What to do: Nothing outside the stretch is wanted. Repeat exactly the lines of the listing below from the one that contains "Man's Easy-matching Gray" through the one that contains "Tamaris Wildleder Stiefel", both ends included.

#### Given information ####

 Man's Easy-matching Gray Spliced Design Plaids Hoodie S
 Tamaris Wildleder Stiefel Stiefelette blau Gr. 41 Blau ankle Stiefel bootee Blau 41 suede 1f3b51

####
#### Given information ####

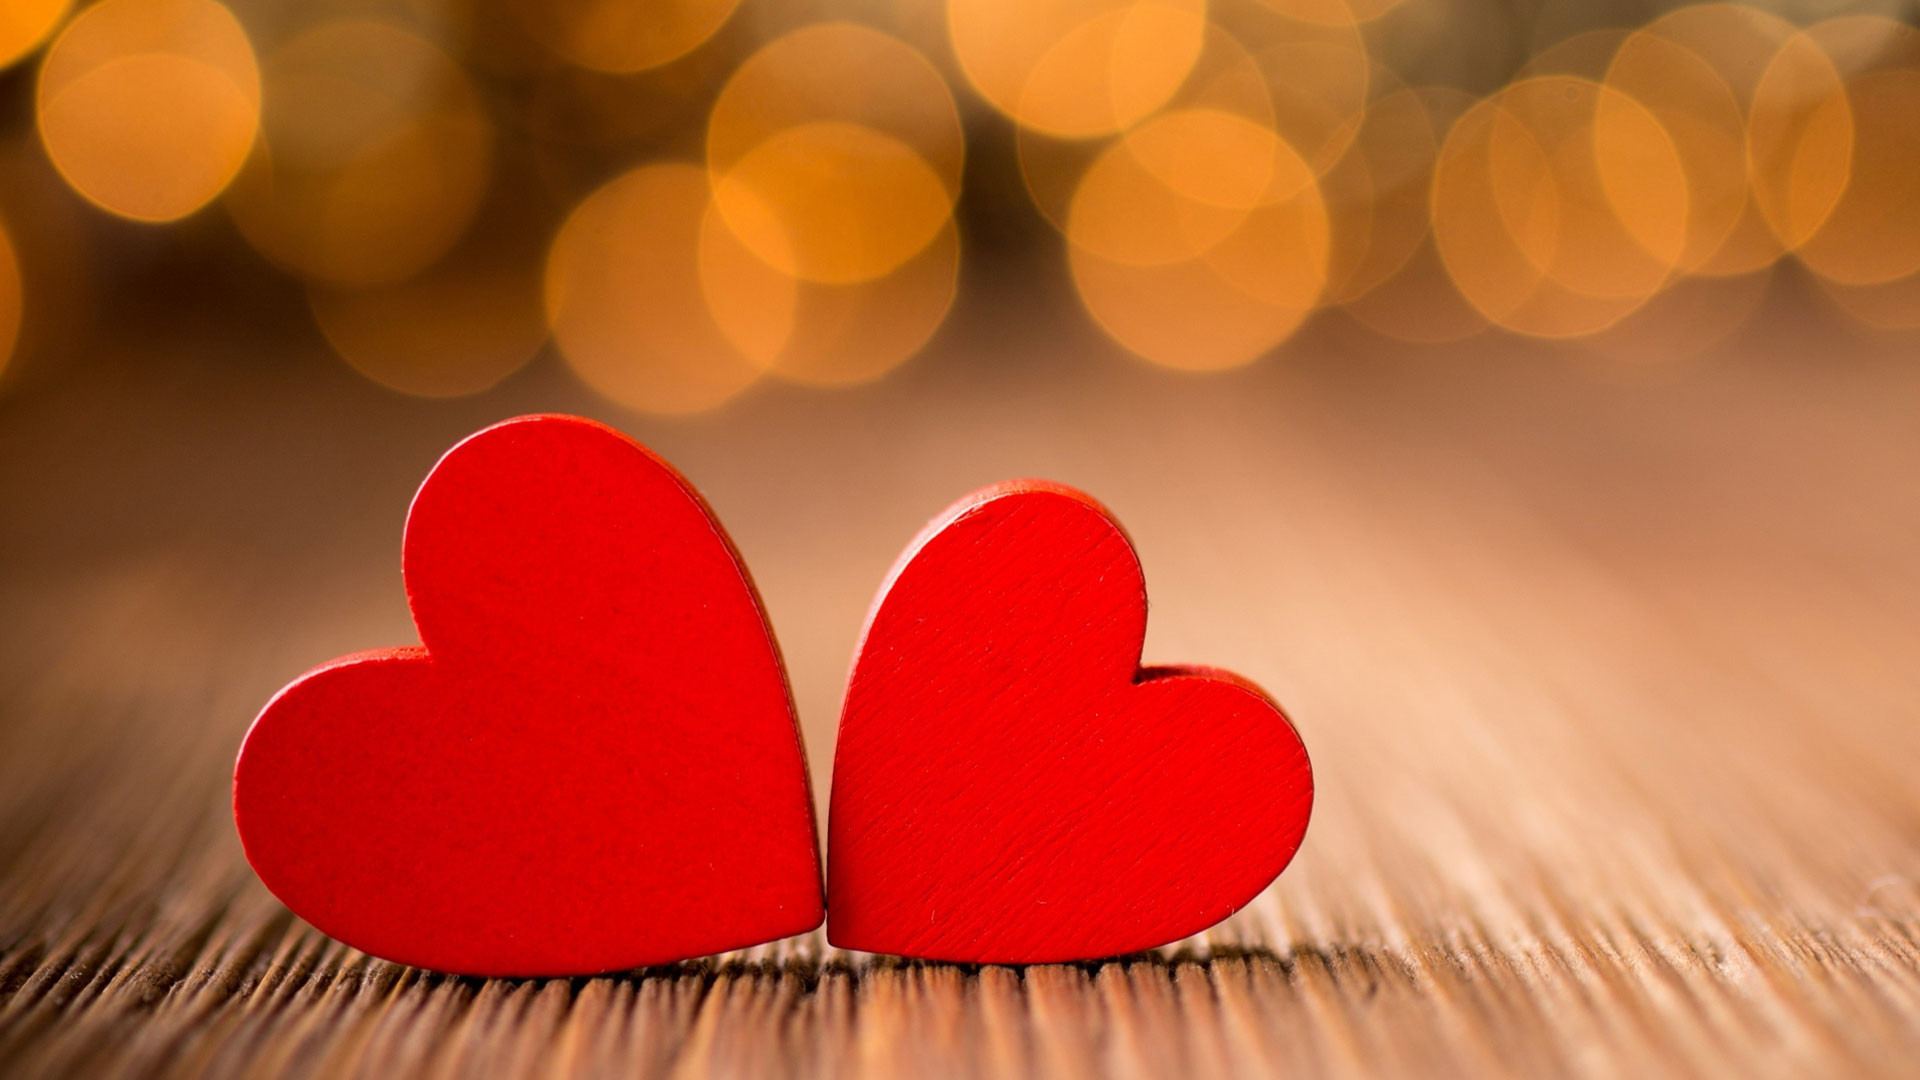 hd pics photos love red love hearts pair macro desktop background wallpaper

####

Solution to the exercise:
 Man's Easy-matching Gray Spliced Design Plaids Hoodie S
 Tamaris Wildleder Stiefel Stiefelette blau Gr. 41 Blau ankle Stiefel bootee Blau 41 suede 1f3b51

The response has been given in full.